The messiahs who are coming
You and me. We are the someone who's coming. There's nobody else who can step up and work for a solution right here right now.



Seek for Yourself Treasures in Heaven, not on Earth
I assert that if we look deep at what we really want, nearly all of us can point to these items on the screen. Unfortunately, the latest iPhone can't provide these things, but living according to Jesus' two commandments can. And living according to those two commandments can provide us all with those things, not just a privileged minority.

This issue is not about what we need to give up. It's not about not driving an SUV, and you shouldn't. This issue is not about using disposable cups, and you shouldn't. It's about living our lives according to our values and the world that's possible if we do.

We really are balancing life on a precipice, and it's not about what we need to give up. It's about what future we want for ourselves and each other.



Sunday, April 3, 2016

These two commandments

Even if we disagree that there was innately anything special about Jesus beyond genetic predispositions, we can likely agree that he was a master. And apprentices, like us, can also develop mastery by taking the coaching.

Matthew 22:36-40
“Teacher, which is the great commandment in the Law?” And he said to him, “You shall love the Lord your God with all your heart and with all your soul and with all your mind. This is the great and first commandment. And a second is like it: You shall love your neighbor as yourself. On these two commandments depend all the Law and the Prophets.”

Yang - Roots and Routes
How we think we need to live, deeply rooted in materialism, is destroying the biosphere of human and nonhuman life. Materialism, its distractions, we seem to value quite highly.
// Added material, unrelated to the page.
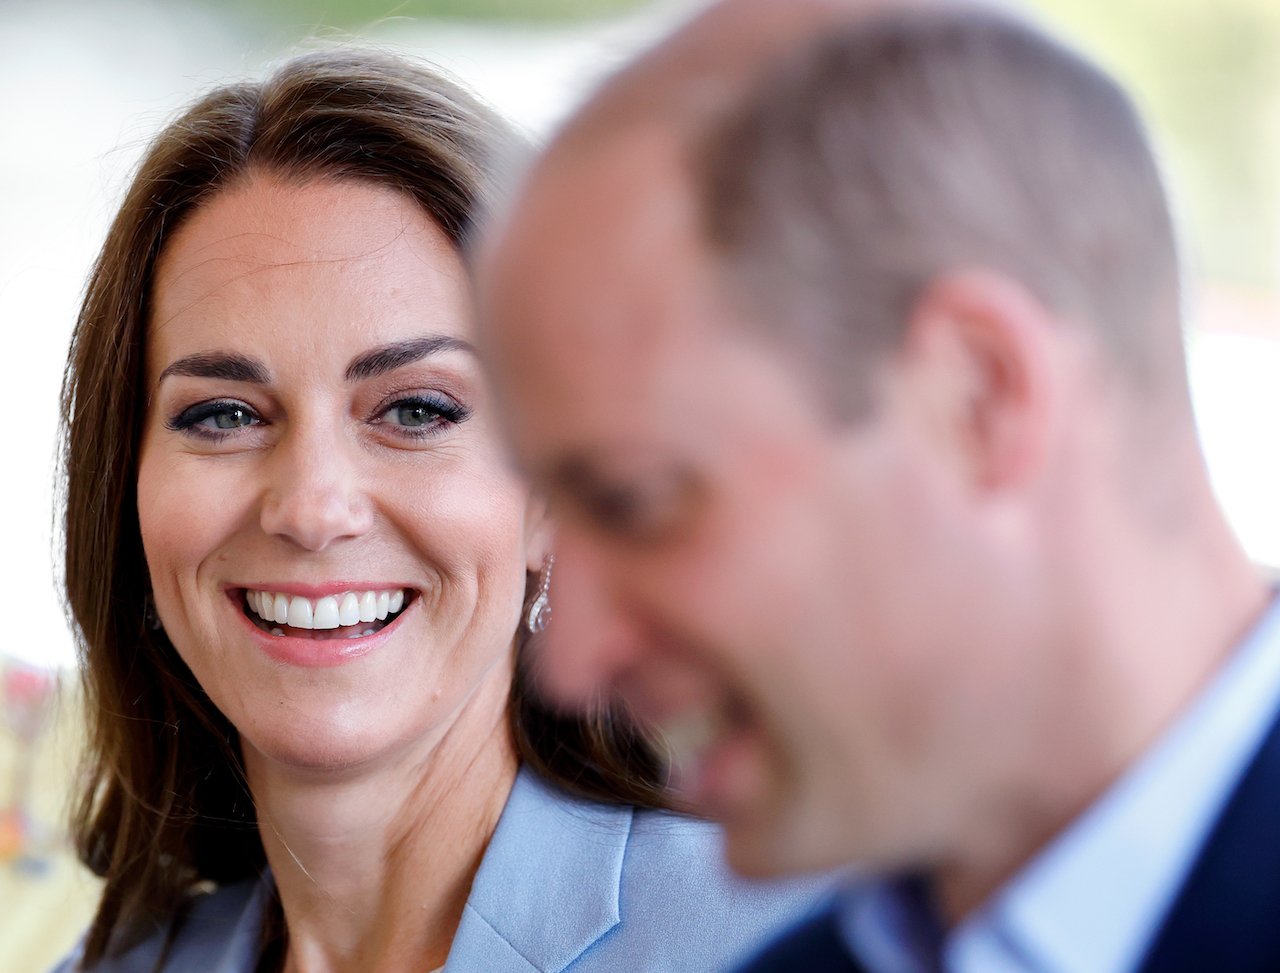 Kate Middleton smiles at Prince William during a museum visit to see their first official joint portrait

A relationship with the Eternal provides a direct route to personal spiritual ascendance: greater heights of personal satisfaction, clarity, enjoyment, vision, and effectiveness. Our distractions, both material and dogmatic, are shiny things that lead us off the path, the Way, of loving God above all else.

And I think that our willingness to disrupt the harmonic equilibrium of the biosphere is an affront to the Source. Impudence in the presence of the Sovereign. Where self-ascendency could lead to greater fulfillment, our materialistic detour stalls us in our reach for personal divinity.
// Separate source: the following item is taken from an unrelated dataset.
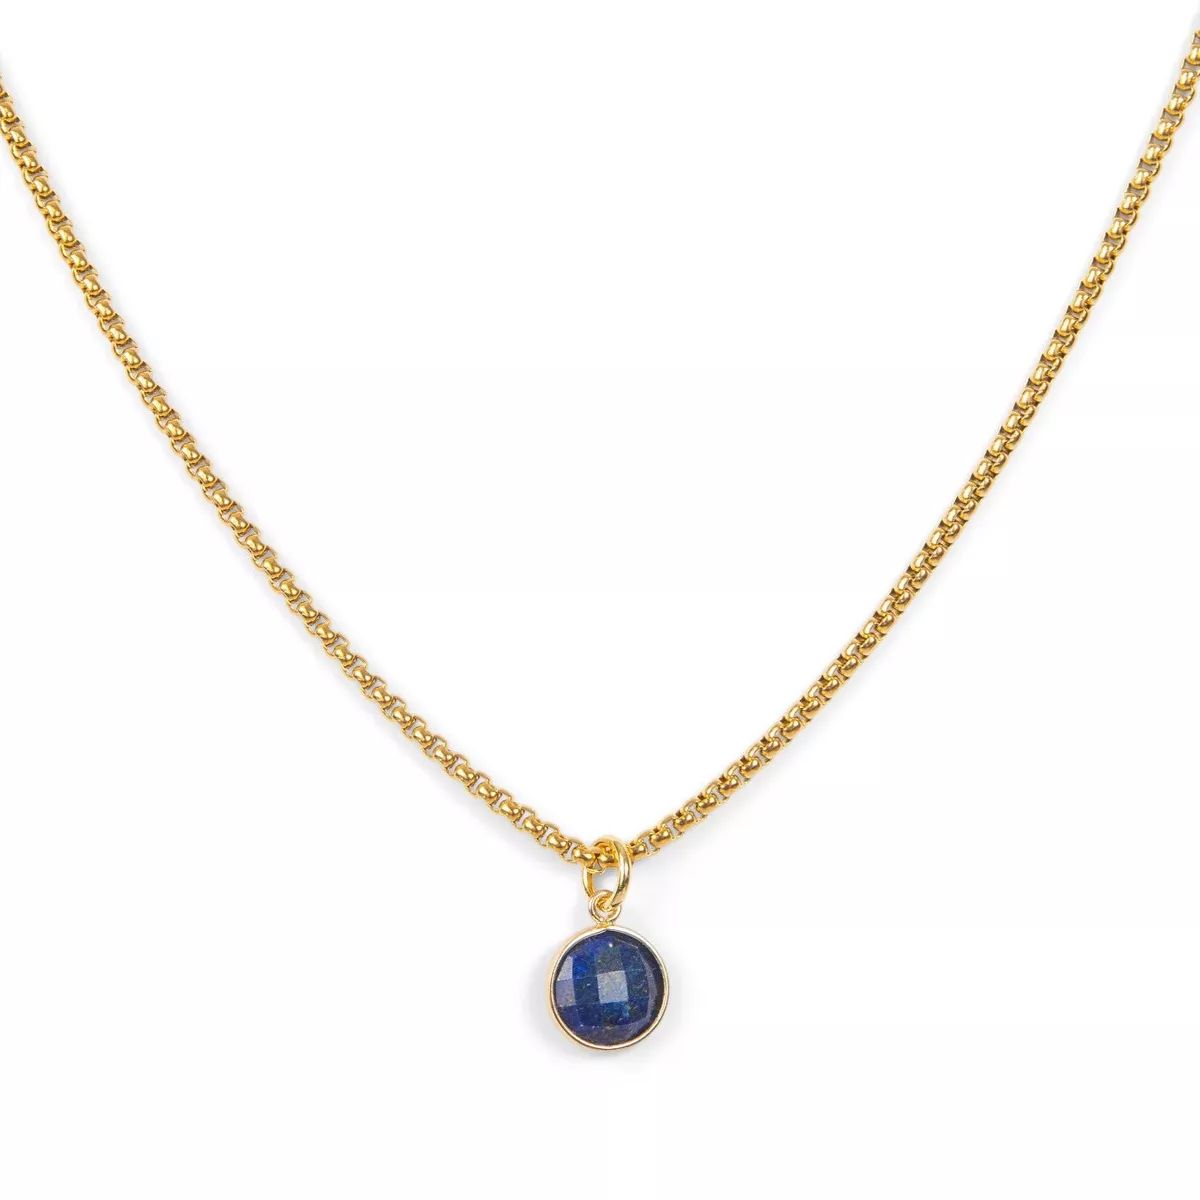 Gold Plated Lapis Stone Pendant Necklace | ETHICGOODS | Target

Yin - Food, Dancing, and Hugs
Not only are our lives beginning to be noticeably and dramatically affected by human-induced climate change at the hands of an unrestrained fossil-fuel economy, our children's and their children's lives will be disastrously affected. And the first victims of the most impacting effects will be the poor; the less poor will be the second victims; and so on.

Where uncompromising capitalists see crises as opportunities, it's not typically the same for climate victims without other resources. Josh Fox, director, said at his movie showing in Baltimore a couple weeks ago, "The United States would be a different country today if the poor and brown fleeing New Orleans after Katrina were greeted with food, music, dancing, and hugs instead of shotguns."

All scientific climate simulations, generally presented with minimal sensationalism, point to climate change-related catastrophes occurring more and more frequently this century. And the poorest are impacted most harshly, first.

The depth of connection, compassion, empathy, and concern I feel for my own kids can provide me instruction on how to more fully love my neighbor. Assimilating a bit more of Jesus may too.

Tao - Taking the Coaching
I don't believe that Jesus was inherently divine any more than you and I, but I do believe we won't fulfill on that potential for ourselves if we don't take the coaching.